As he left the bank, he got into a taxi waiting outside.

“I want to go to the Films Par Excellence Studio—it’s on a little street in Passy.”

The events of the last forty-eight hours had made him so uncertain that he was not even sure of what he wanted to do; he paid off the taxi and walked in the direction of the studio.

He knew that what he was now doing was out of line with everything that had been before it—his walking around this block was not proper.

After three-quarters of an hour of standing around, it became clear that he had missed Rosemary. He went into the bistro on the corner and called the hotel. After a long while a little voice said hello.

“This is Dick—I had to call you.”

A pause from her—then: “I’m glad you did.”

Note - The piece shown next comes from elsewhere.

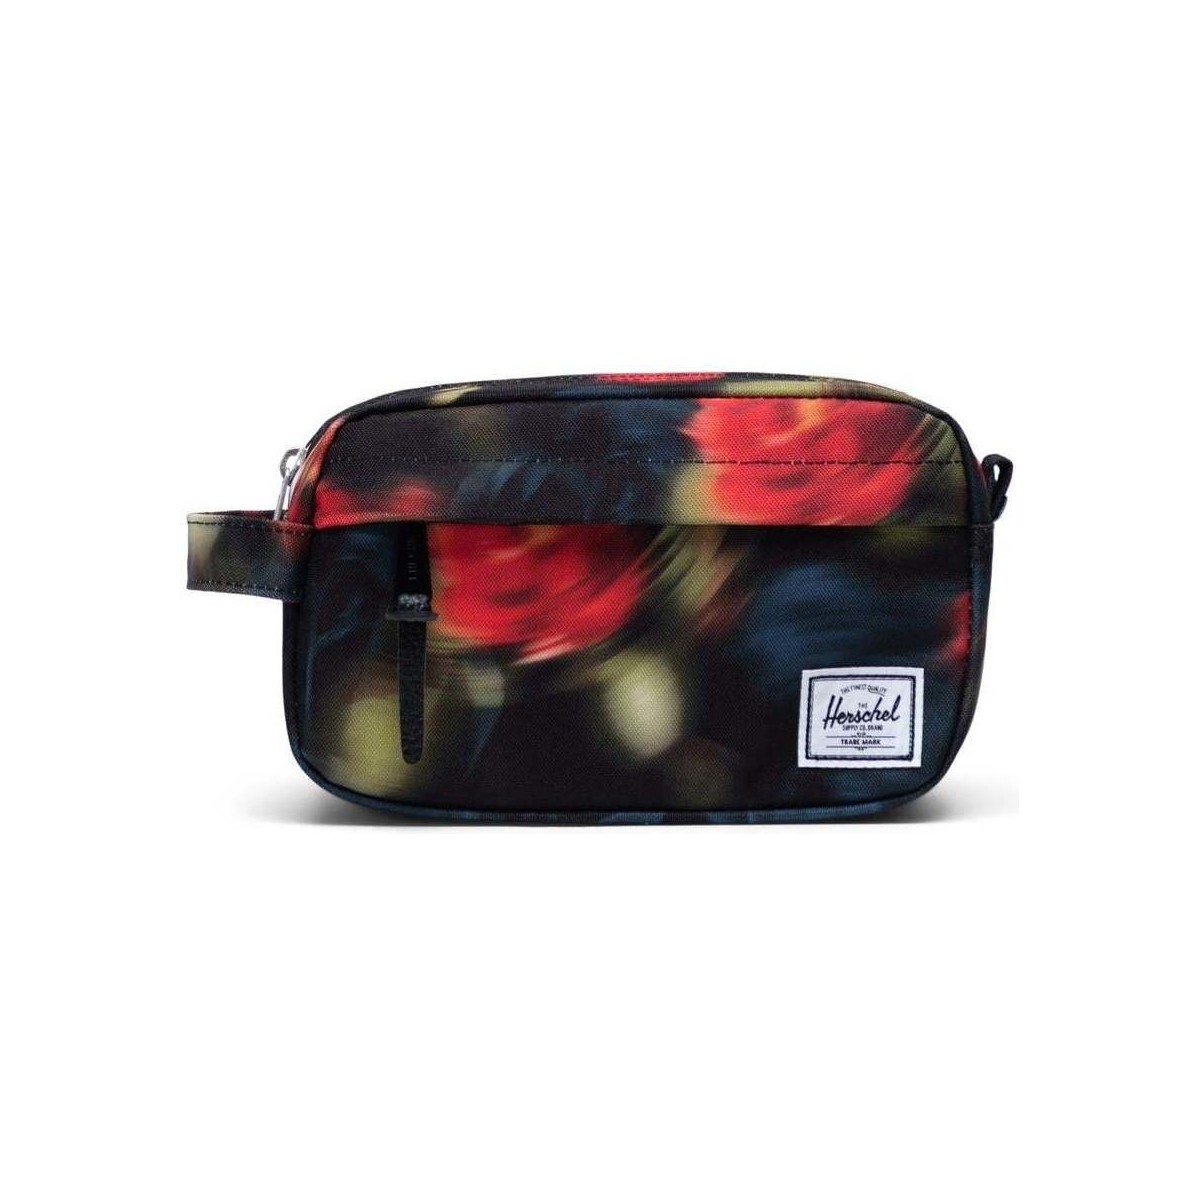 Malas Necessaire Herschel Chapter Carry On Blurry Roses Multicolor

“I came to meet you at your studio—I’m in Passy. I thought maybe we’d ride somewhere.”

“Oh, I only stayed there a minute! I’m so sorry.” A silence.

“Rosemary.”

“Yes, Dick.”

“Are you alone?”

“Who do you think I’d be with?”

“I’d like to be with you now.”

Silence, then a sigh and an answer. “I wish you were with me now.”

There was the hotel room where she lay behind a telephone number, and there was music around her—

“And two—for tea.

And me for you,

And you for me

Alow-own.”

“It’s impossible,” he said to himself. In a minute he was out in the street.

Rosemary returned to her desk and finished a letter to her mother.

“—I only saw him for a little while but I thought he was wonderful looking. I fell in love with him (Of course I Do Love Dick Best but you know what I mean). He really is going to direct the picture and is leaving immediately for Hollywood, and I think we ought to leave, too. Collis Clay has been here. I like him all right but have not seen much of him because of the Divers, who really are the Nicest People I Have Ever Known. Are you coming north or shall I come south with the Divers?”